Crypto Taxes US
IRS rules, Form 1099-DA, short-term vs long-term capital gains, enforcement.
Tax year 2025 · filing year 2026
Short answer
IRS treats crypto as property. Disposals = capital gains (short-term at ordinary rates if held ≤1 year; long-term at 0/15/20% if held >1 year). Staking, mining, airdrops-via-action, crypto-as-wages = ordinary income at receipt. Report on Form 8949 + Schedule D. Form 1099-DA from brokers (Coinbase, Kraken, etc.) starting 2025 — cost-basis reporting from 2026. The 1040 digital-asset question is a perjury hook. This is not tax advice — consult a CPA.
IRS classification
Notice 2014-21 established that virtual currency is treated as property for federal tax purposes.
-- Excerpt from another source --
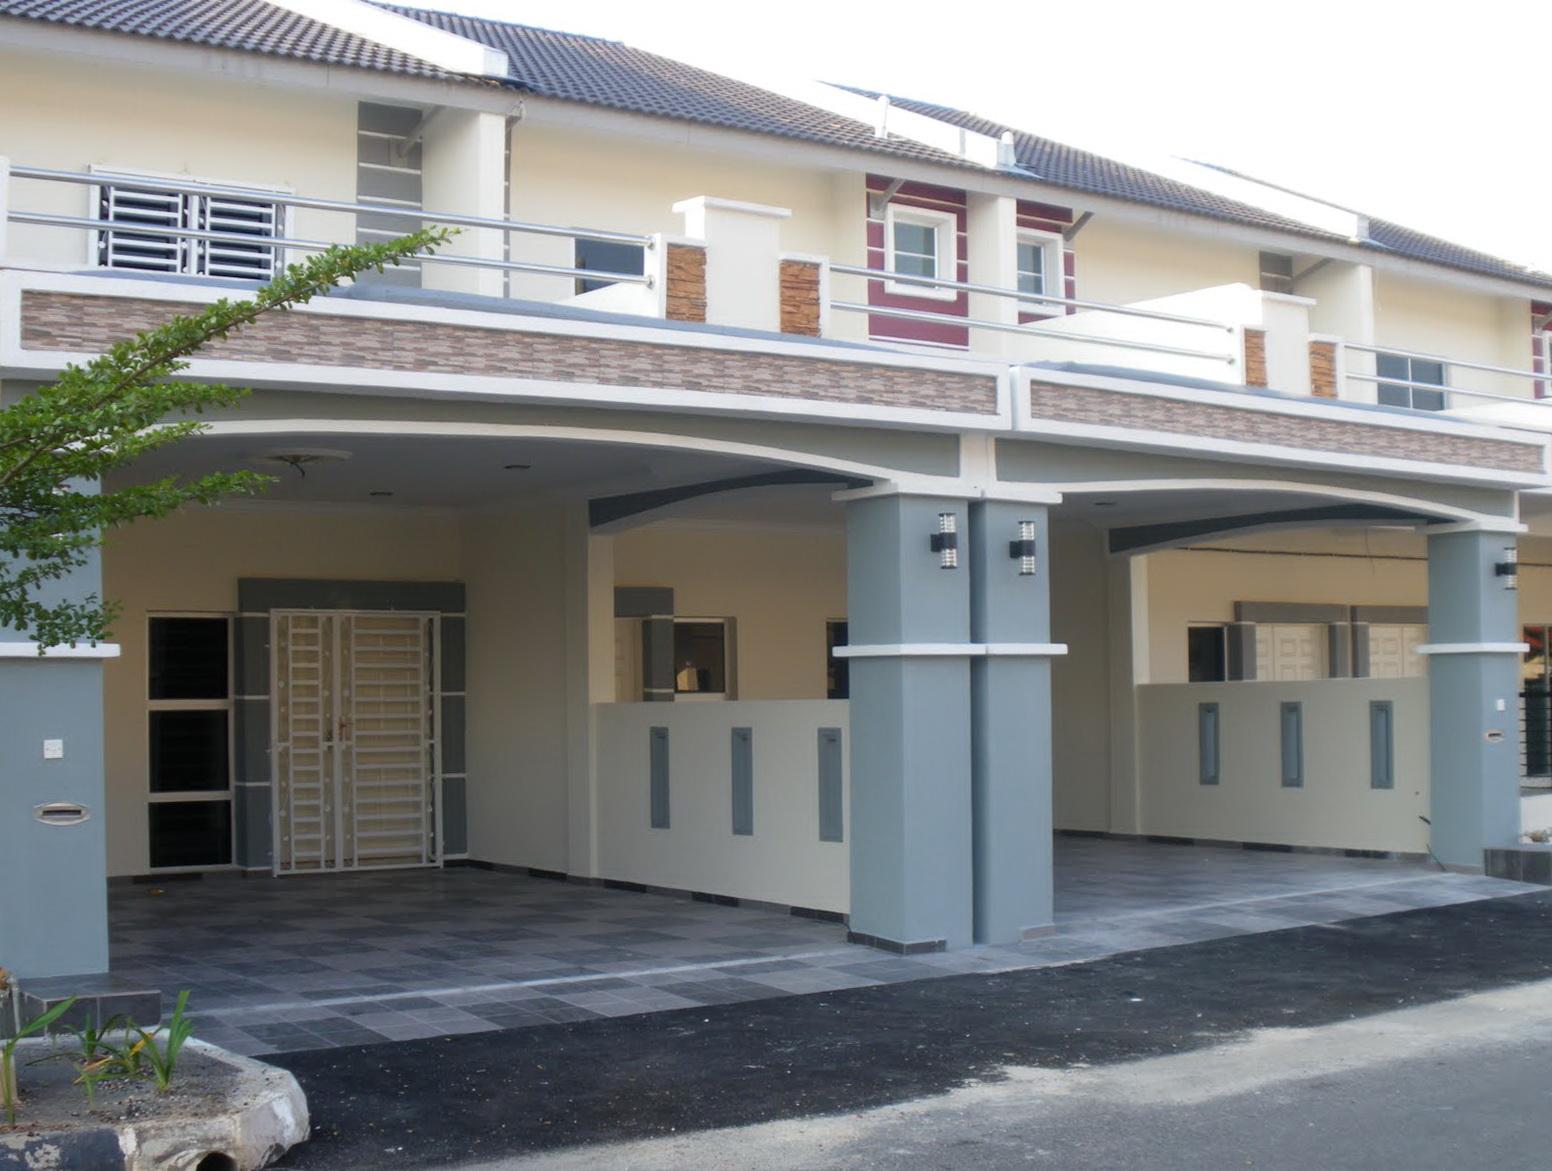 Naluri Kehidupanku: Rumah : Idea of Car Porch Roof Design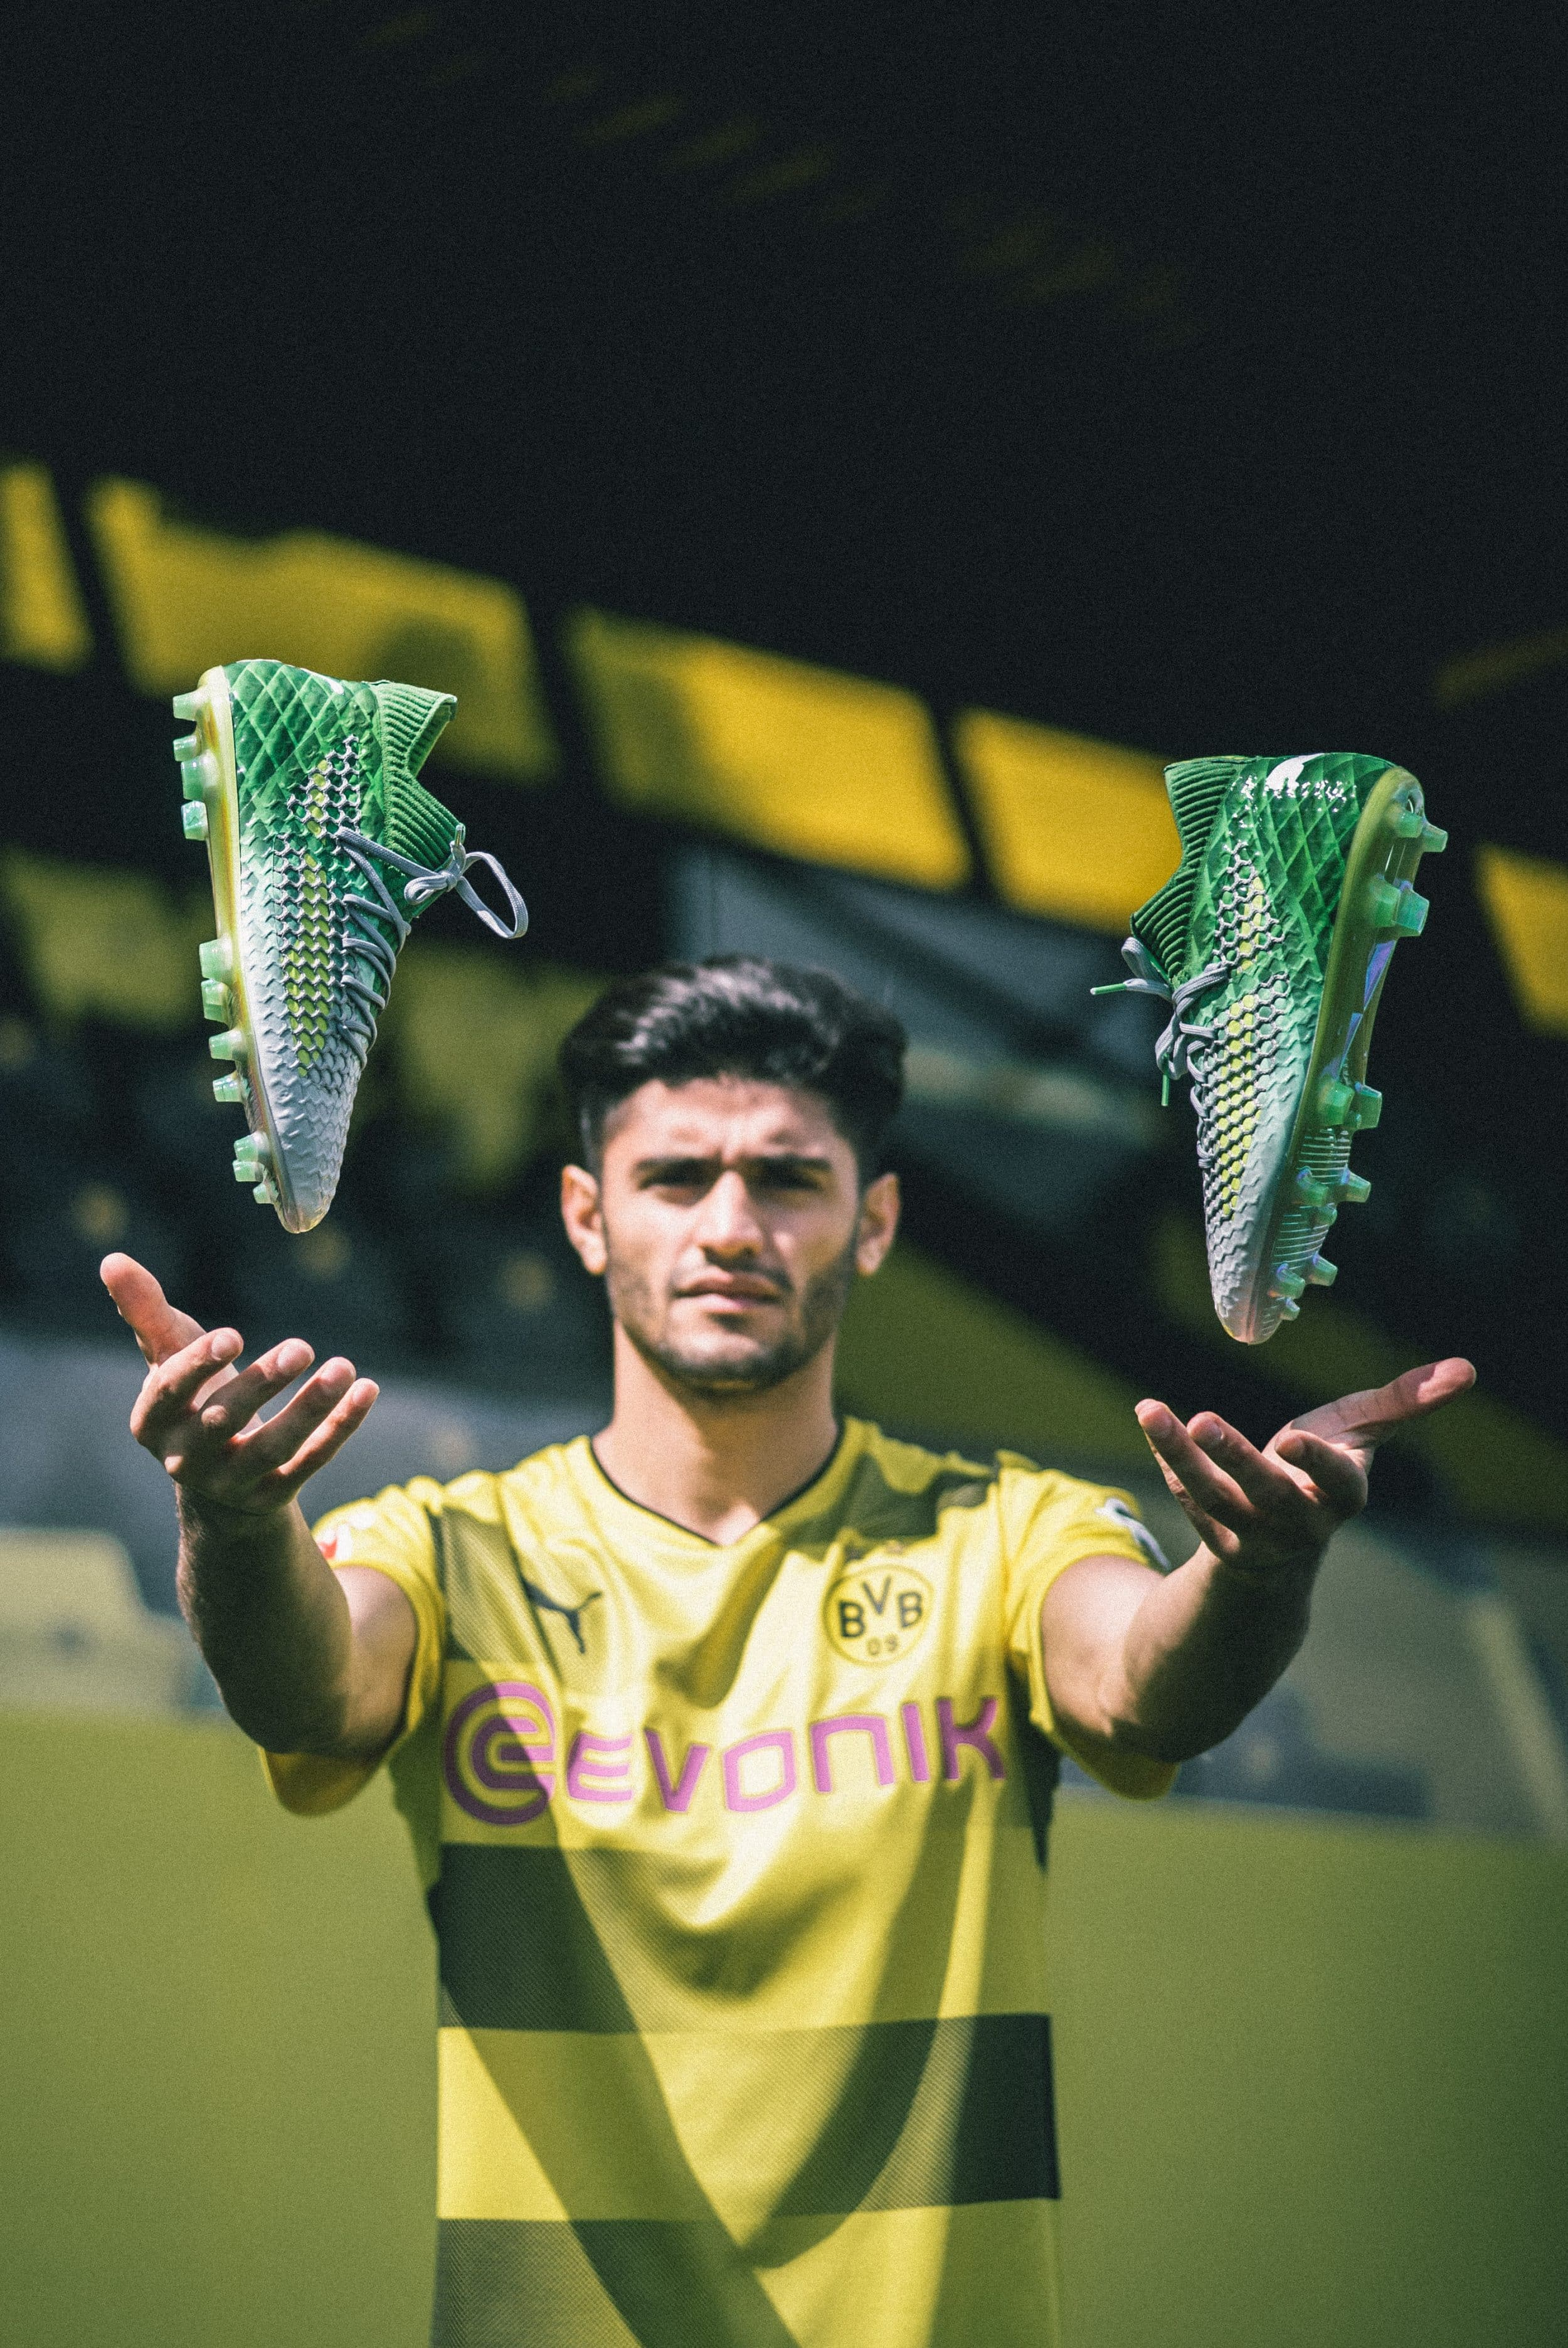 Chaussures-football-puma-future-next-dahoud-mai-2018

This framework has held through 2026, refined by multiple Revenue Rulings (2019-24 on forks, 2023-14 on staking rewards, etc.). Congressional crypto-specific legislation has been proposed repeatedly but the IRS treatment remains consistent: it's property.
Capital gains
Each disposal (sale, swap, spend, or gift above the annual exclusion) is a taxable event. Gain = proceeds minus cost basis.
Short-term (held ≤1 year)
Taxed at your ordinary income tax rate. 2026 brackets (verify current): 10%, 12%, 22%, 24%, 32%, 35%, 37%. Applies to most active-trading profits.
Long-term (held >1 year)
Preferential rates: 0% (low income), 15% (most middle-income), 20% (high income). Plus 3.8% Net Investment Income Tax (NIIT) for high earners. The difference between 24% short-term and 15% long-term is material — hold past 365 days where strategically possible.
Cost basis methods
Default: FIFO (first-in, first-out). Alternative: specific identification (specific ID), where you identify the specific lot being disposed of. For tax optimisation (HIFO — highest-in, first-out), you need to keep records proving specific lot identification. Post-2025, many exchanges provide Lot-ID functionality; document the method you use.
Ordinary income events
- Staking rewards — Rev. Rul. 2023-14: income at FMV when you gain dominion and control (typically on receipt in your account).
- Mining — self-employment income if trade/business; hobby income otherwise. Schedule C or Schedule 1.
- Airdrops received via action — income at FMV on receipt.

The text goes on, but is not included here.